He fiddled with his watchband, tinked his coffee spoon nervously against his saucer, looked out at the darkening line across the southern horizon. Then he said, "You know where Kim might be?"

"No."

"The manager at my club said she didn't come into work yesterday and she doesn't answer her phone. She didn't call you?"

"Why would she call me?"

"Because she digs you."

He fluttered his fingers on the tablecloth. "I'd better send a car out to her place," he said. His eyes were narrowed, and they looked out through the glass and roved around the backyard. "Maybe she split. Eventually most of them do. I thought she might be different."

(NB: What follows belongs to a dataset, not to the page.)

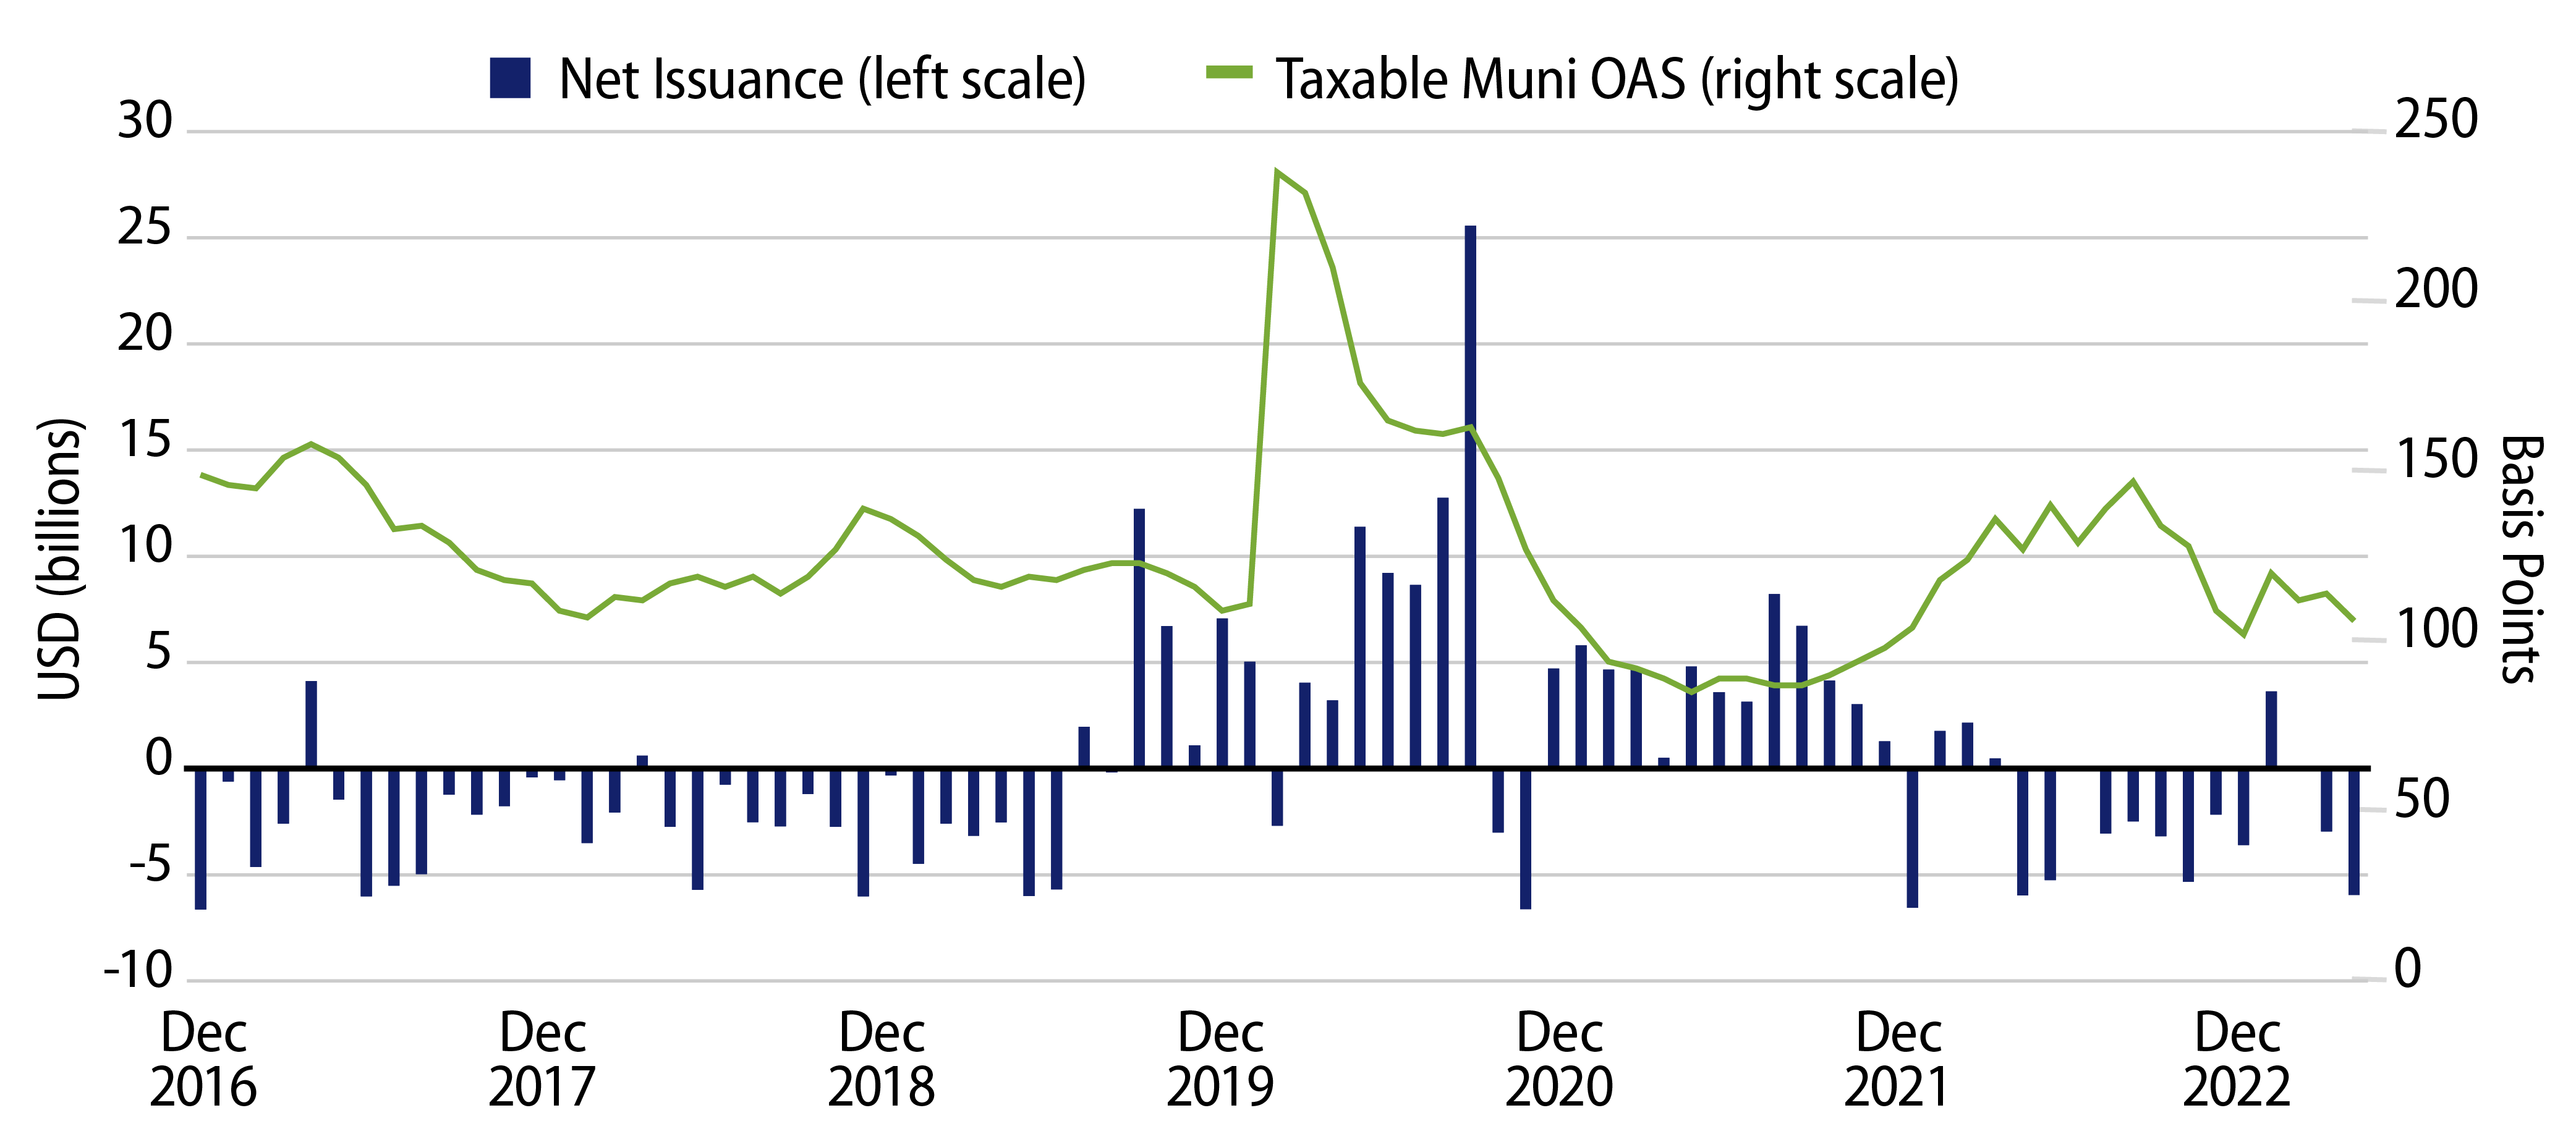 Explore Net Taxable Issuance vs. Taxable Muni OAS
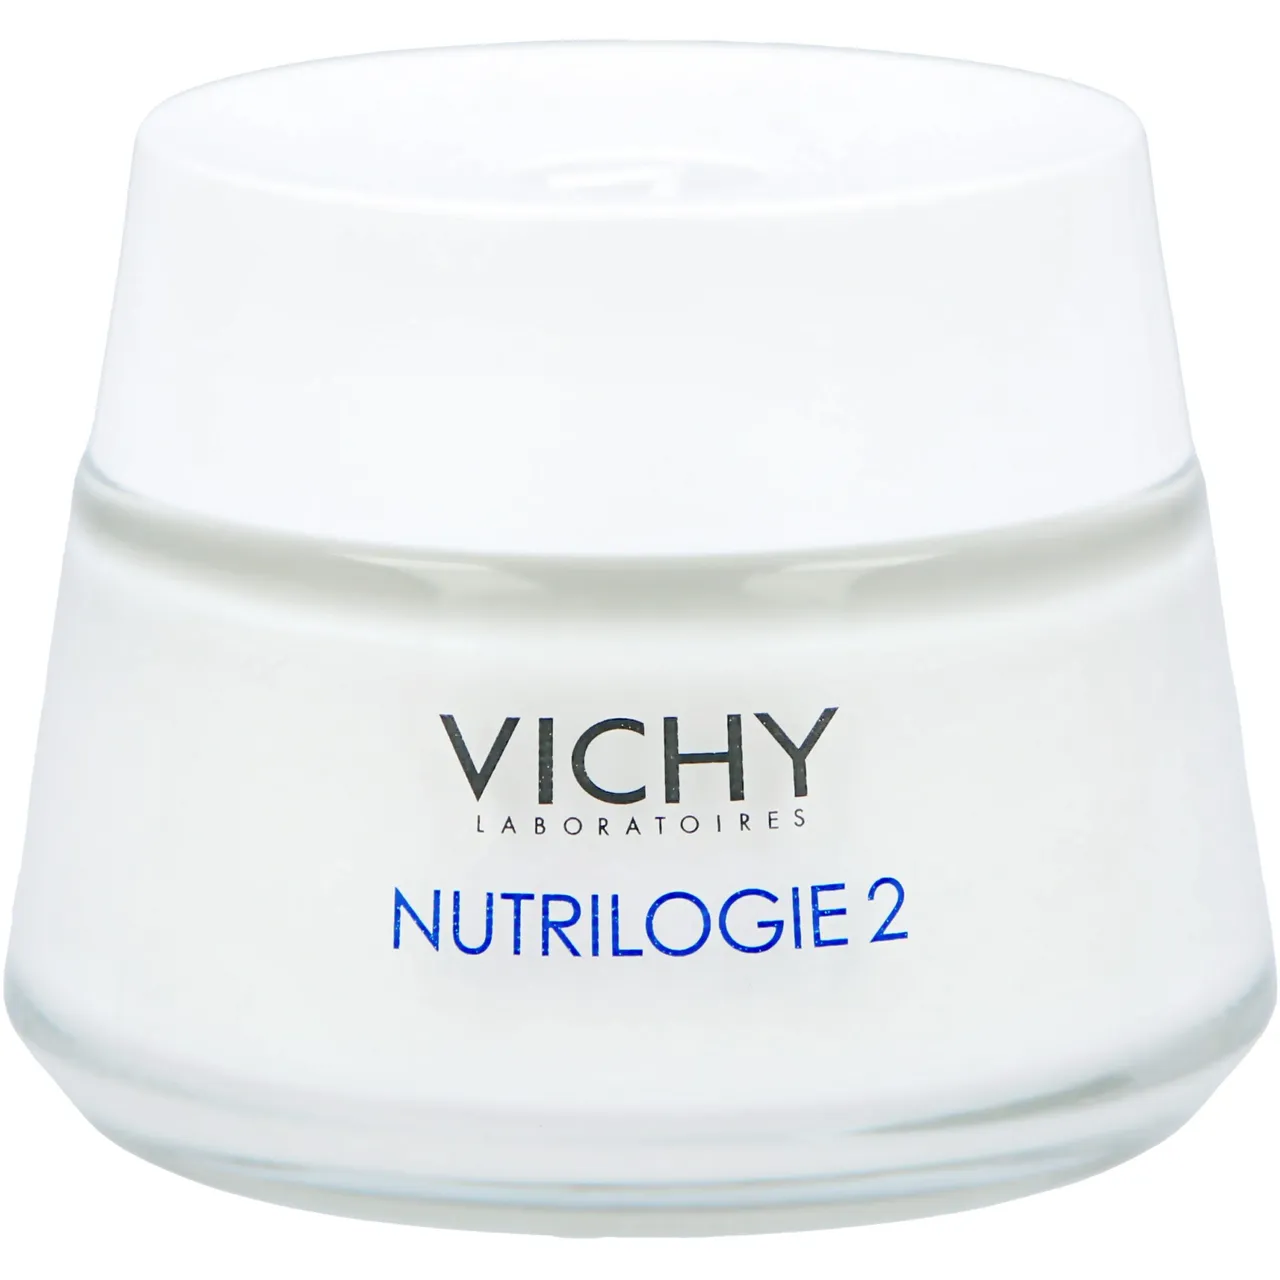 VICHY Nutrilogie 2 Face Cream 50 ml

"Don't worry about her. She's probably all right," I said.

One of Tony's bodyguards, a black-haired man of about twenty-five, came into the kitchen for coffee. He was barefoot and bare-chested, and his beltless brown slacks hung down low on his flat stomach. He looked at us without speaking, then filled his cup.

"Put a shirt on when you walk around the house," Tony said.

The man walked back into the dining room without answering.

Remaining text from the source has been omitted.